Efficient Learning of Linear Graph Neural Networks via Node Subsampling

Graph Neural Networks (GNNs) are a powerful class of machine learning models with applications in recommender systems, drug discovery, social network analysis, and computer vision. One challenge with their implementation is that GNNs often take large-scale graphs as inputs, which imposes significant computational/storage costs in the training and testing phases. In particular, the message passing operations of a GNN require multiplication of the graph adjacency matrix A ∈ Rⁿ×n and the data matrix X ∈ Rⁿ×^d, and the O(n²d) time complexity can be prohibitive for large n.

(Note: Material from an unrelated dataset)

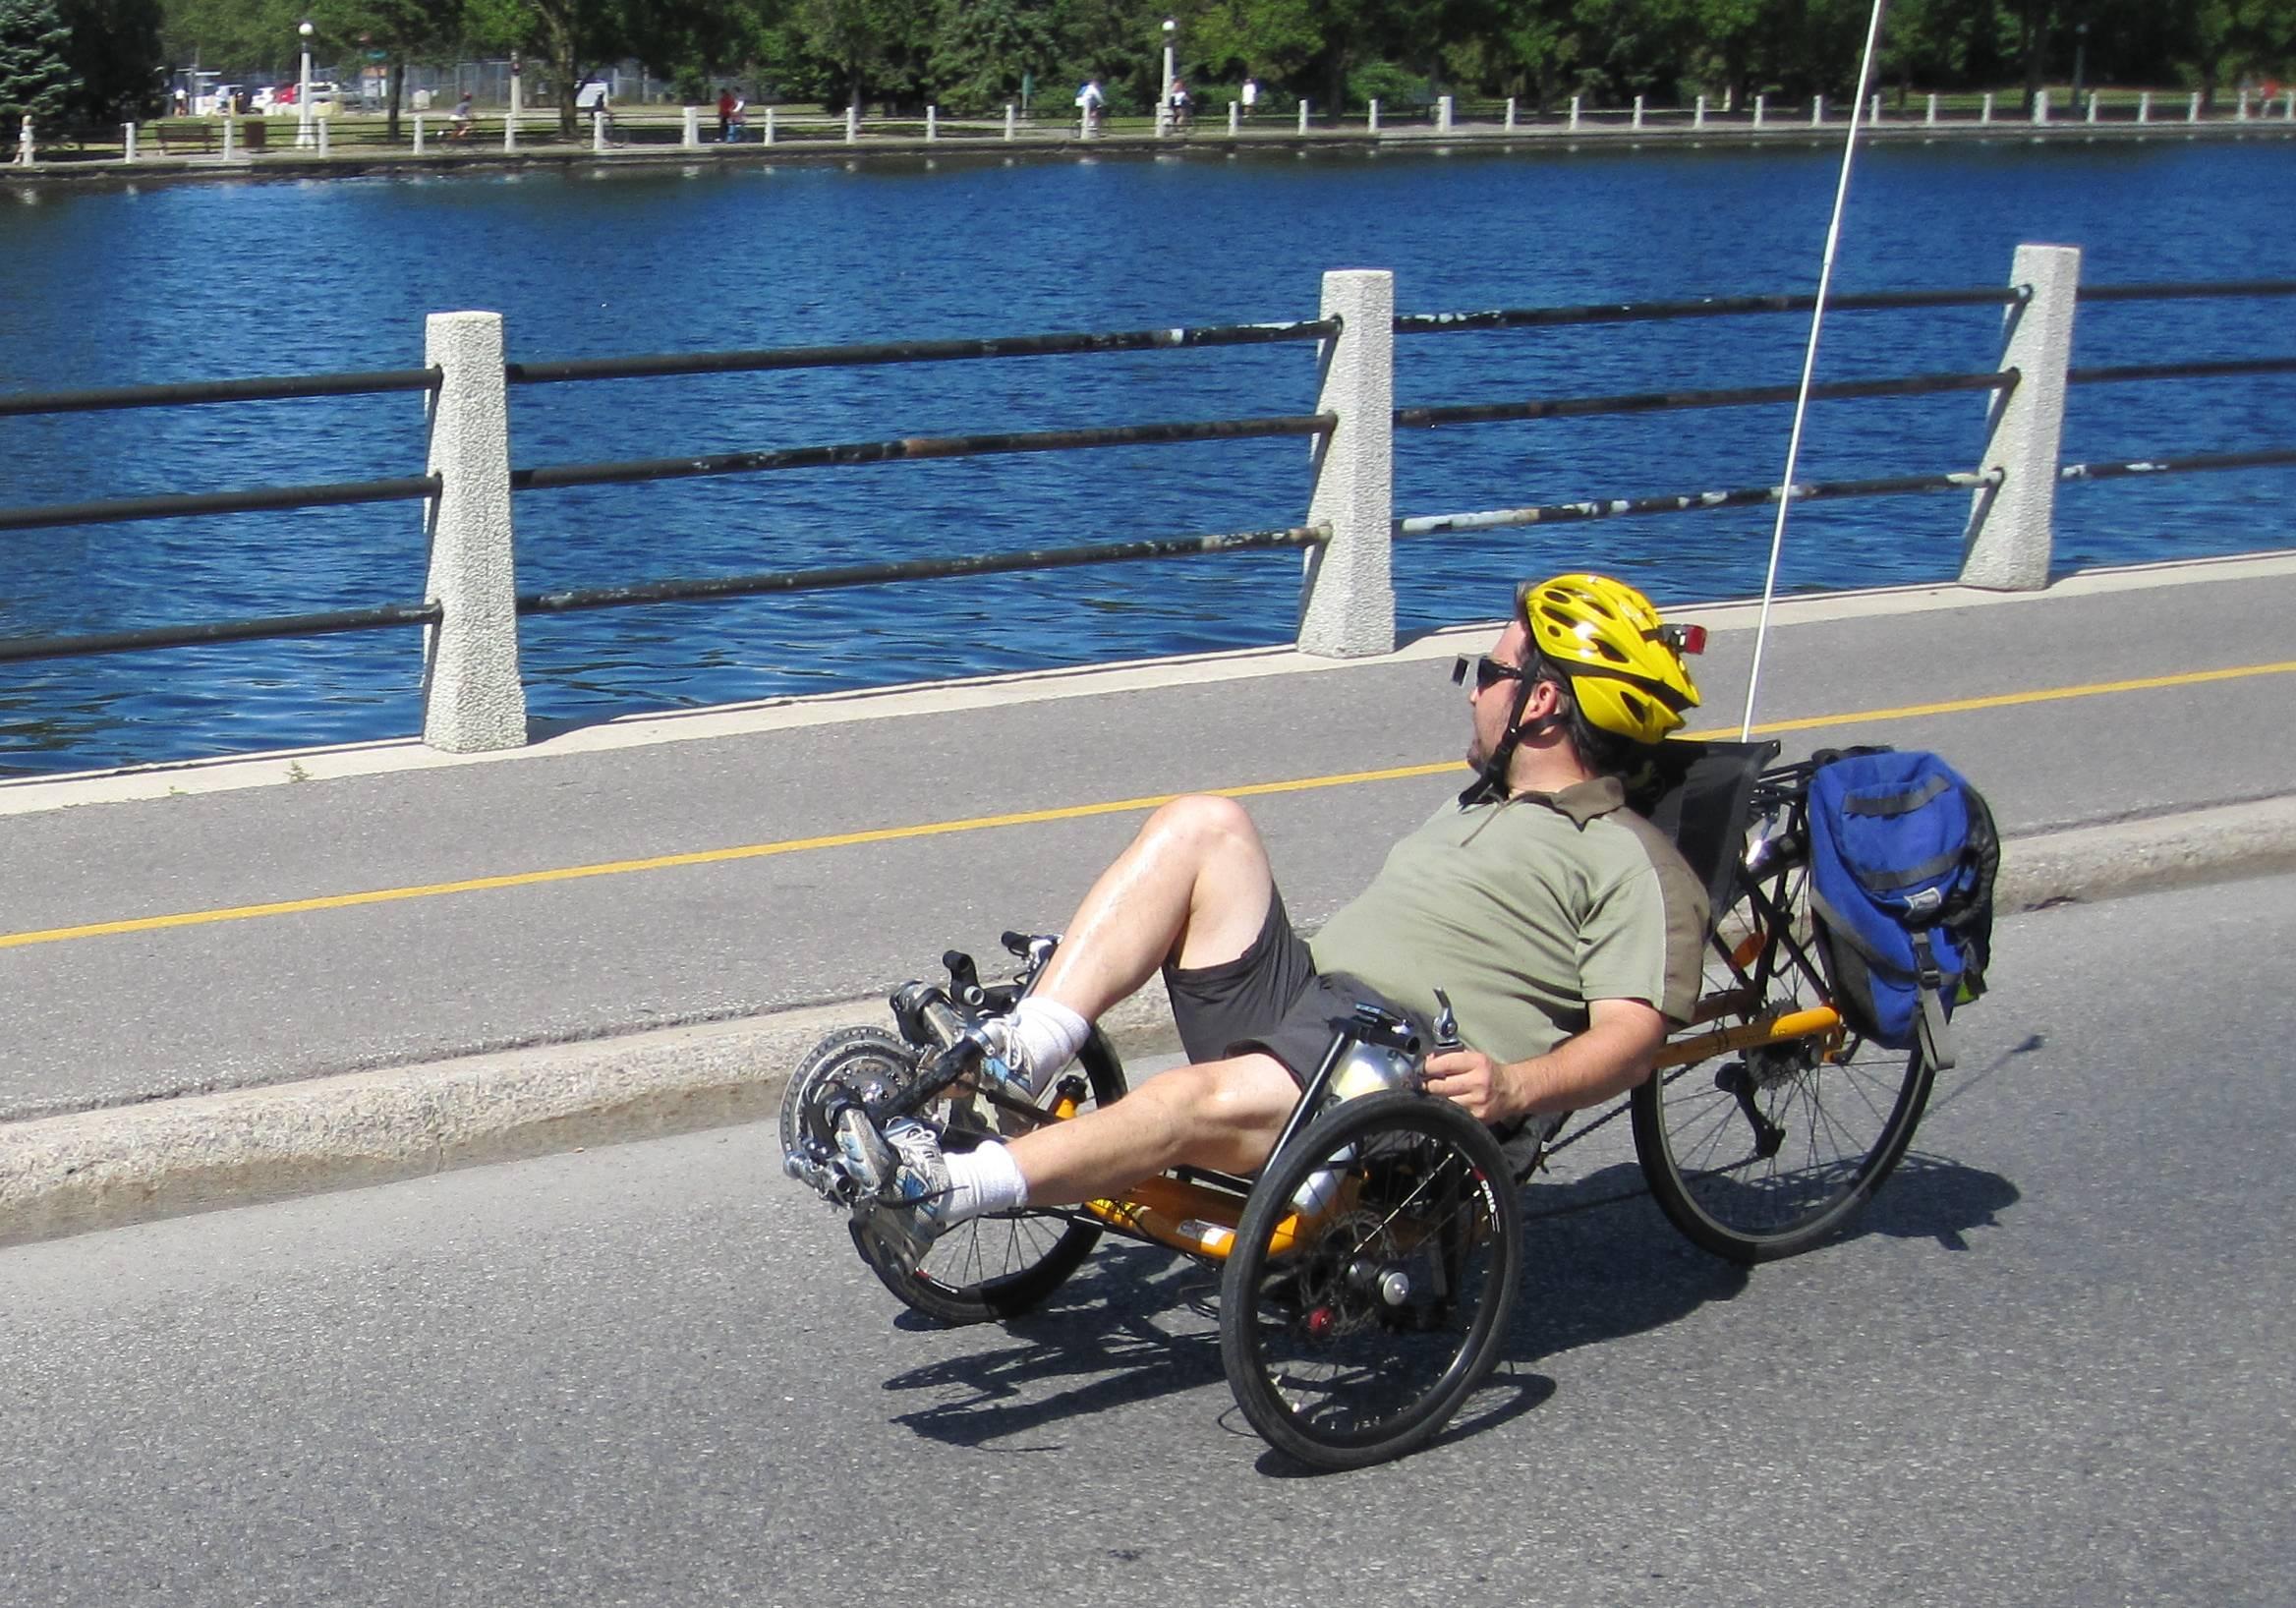 2011-07-24-ottawa-bicycle-culture-6

Thus, a natural question is whether it is possible to perform the GNN operations in (quasi-)linear time by avoiding the full computation of AX. To study this question, we consider the setting of a regression task on a two-layer Linear Graph Convolutional Network (GCN). We develop an efficient training algorithm based on (1) performing node subsampling, (2) estimating the leverage scores of AX based on the subsampled graph, and (3) performing leverage score sampling on AX. We show that our proposed scheme learns the regression model observing only O(ndε⁻² log n) entries of A in time O(nd²ε⁻² log n), with the guarantee that the learned weights deviate by at most ε under the ℓ₂ norm from the model learned using the entire adjacency matrix A. We present empirical results for regression problems on real-world graphs and show that our algorithm significantly outperforms other baseline sampling strategies that exploit the same number of observations.